Sterling even finished the day slightly softer with EUR/GBP closing just below 0.89. The EU rejecting PM May’s proposal on the customs issue didn’t help sterling. Today, the UK monetary data are on the agenda. Later this week, the focus will turn to the BoE policy decision. A rate hike is more or less discounted. Carney and Co will probably stay cautious on any additional rate hikes. We don’t see much reason for a sustained GBP-comeback.
News Headlines
US president Donald Trump has threatened to shut down the government if Democrats do not back his border wall funding (to build that wall on the US-Mexican border) and back immigration law changes. While the big majority of Republicans is backing Trump on the ideas, they do not favor a government shutdown.
After investors were disappointed with the results of Facebook and Twitter last week, plunging their shares, market sentiment worsened (NASDAQ -1.46% on Friday). Asian markets continue this sentiment with all indices opening in red today. The Chinese Shenzhen Comp is outperforming with a 1.25% loss.
Yen drops further as BoJ Kuroda dispels speculation of early stimulus exit
Yen apparently suffers another round of selling after BoJ Governor Haruhiko Kuroda's post meeting press conference. A key to note is that under the strengthened framework, BoJ will now allow yields to move between -0.1% and +0.1%. And Kuroda emphasized that "we do not intend this change to lead to a rise in interest rate levels." He added that the 0.2% range will "improve functions in the government bond market, which had been deteriorating" and "help make our easy-policy more sustainable".
"On forward guidance, Kuroda said it's for strengthening the "commitment to achieve our 2 percent inflation target". And, "we've adopted this to ensure market trust in our policy as we will be maintaining our massive stimulus longer than initially expected." Kuroda pointed to "some speculation" that BoJ will seek an "early exit". And he hoped this can "dispel such speculation".
He also admitted that it takes "longer than expected" for inflation to pick up.
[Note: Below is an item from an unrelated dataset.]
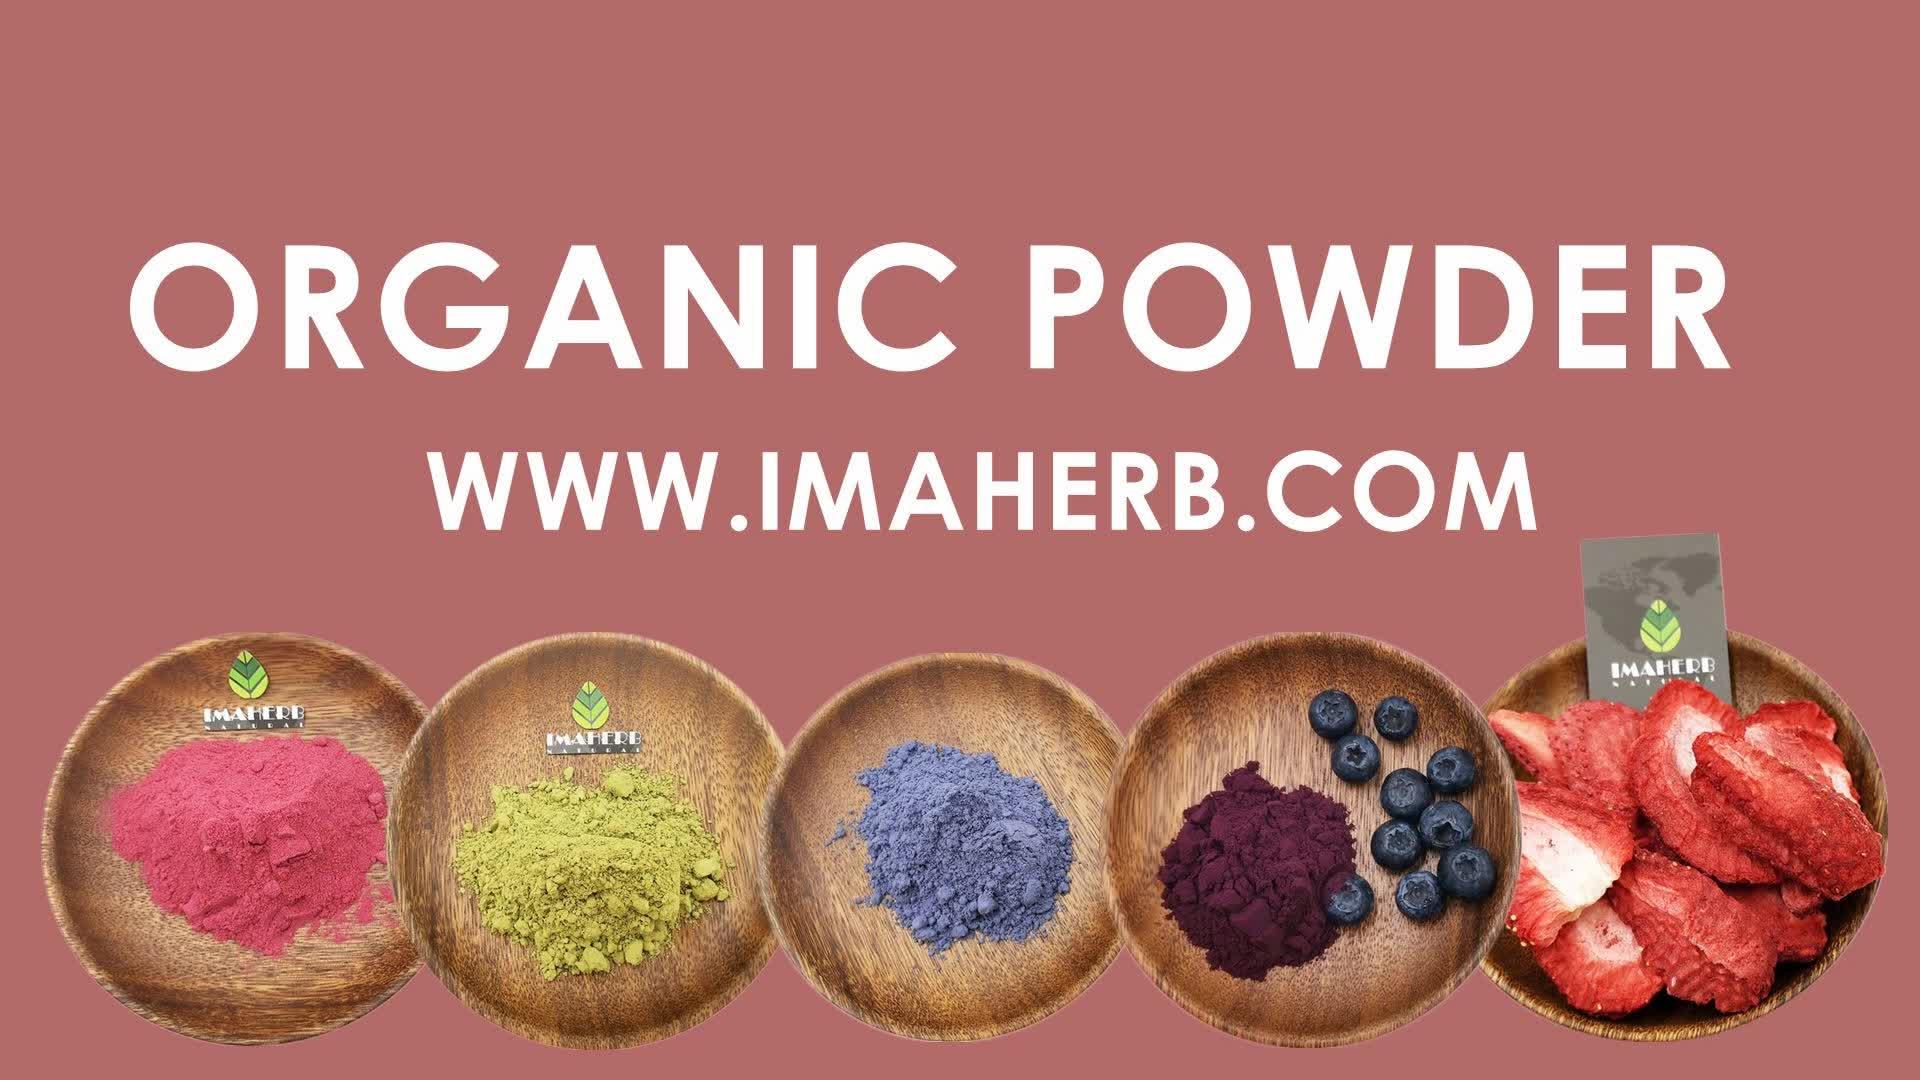 Organik Alami Lavender/Chamomile/Mawar/Rosemary/Calendula/Marigold Bunga Kering
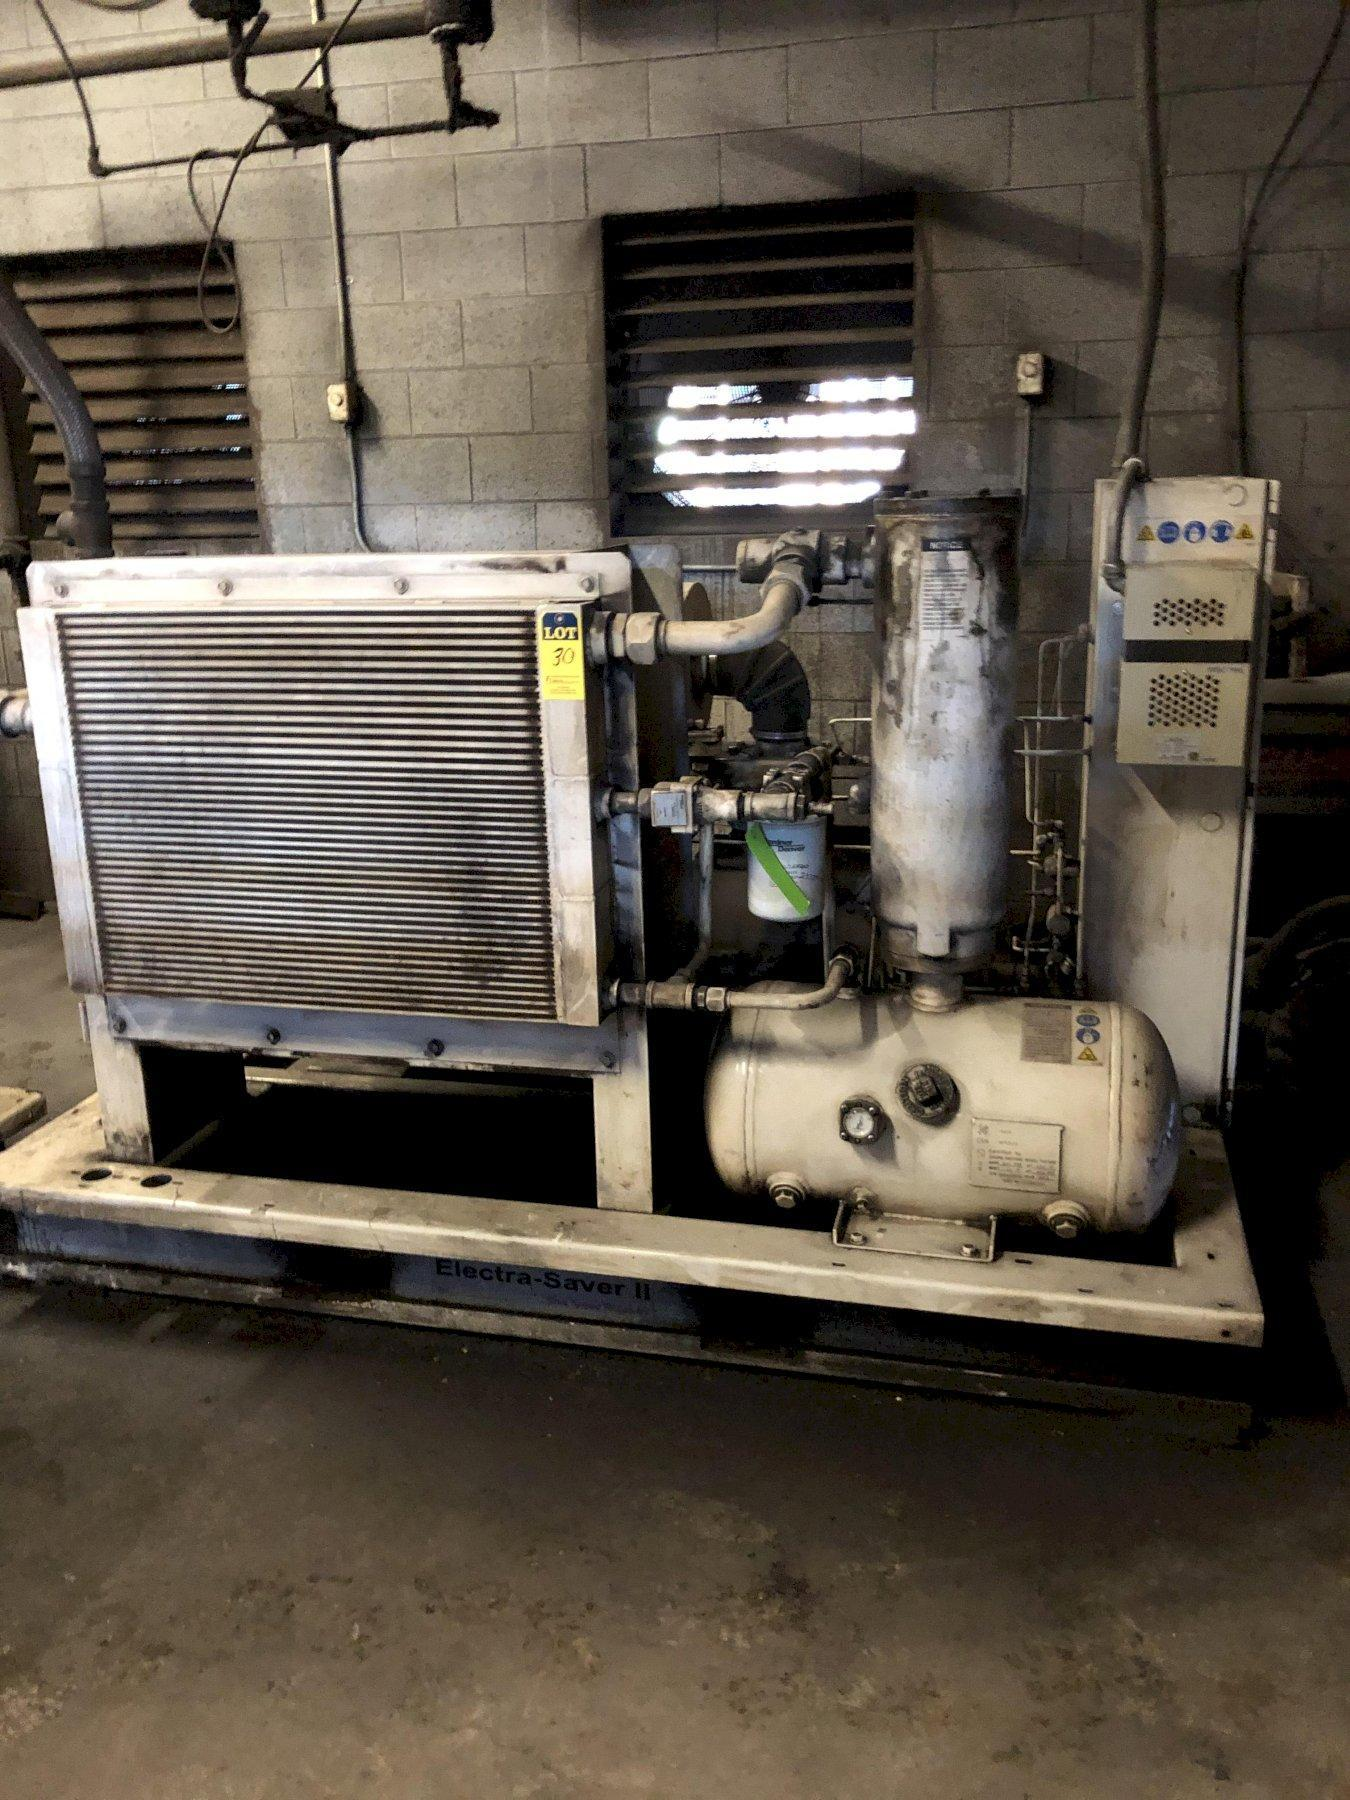 2010 Gardner Denver model ebm99k06 screw type air compressor s/n s323724, 45,885 hours, 75 hp

Hence, "achievement of our target will be beyond our (three-year) forecast timeframe". And he also emphasized that "Under our yield curve control (YCC), real interest rates will fall even if nominal rates are steady as long as inflation expectations heighten." But there is no need for additional easing for now.
10 year JGB yield drops to as low as 0.054, after hitting 0.115 earlier today.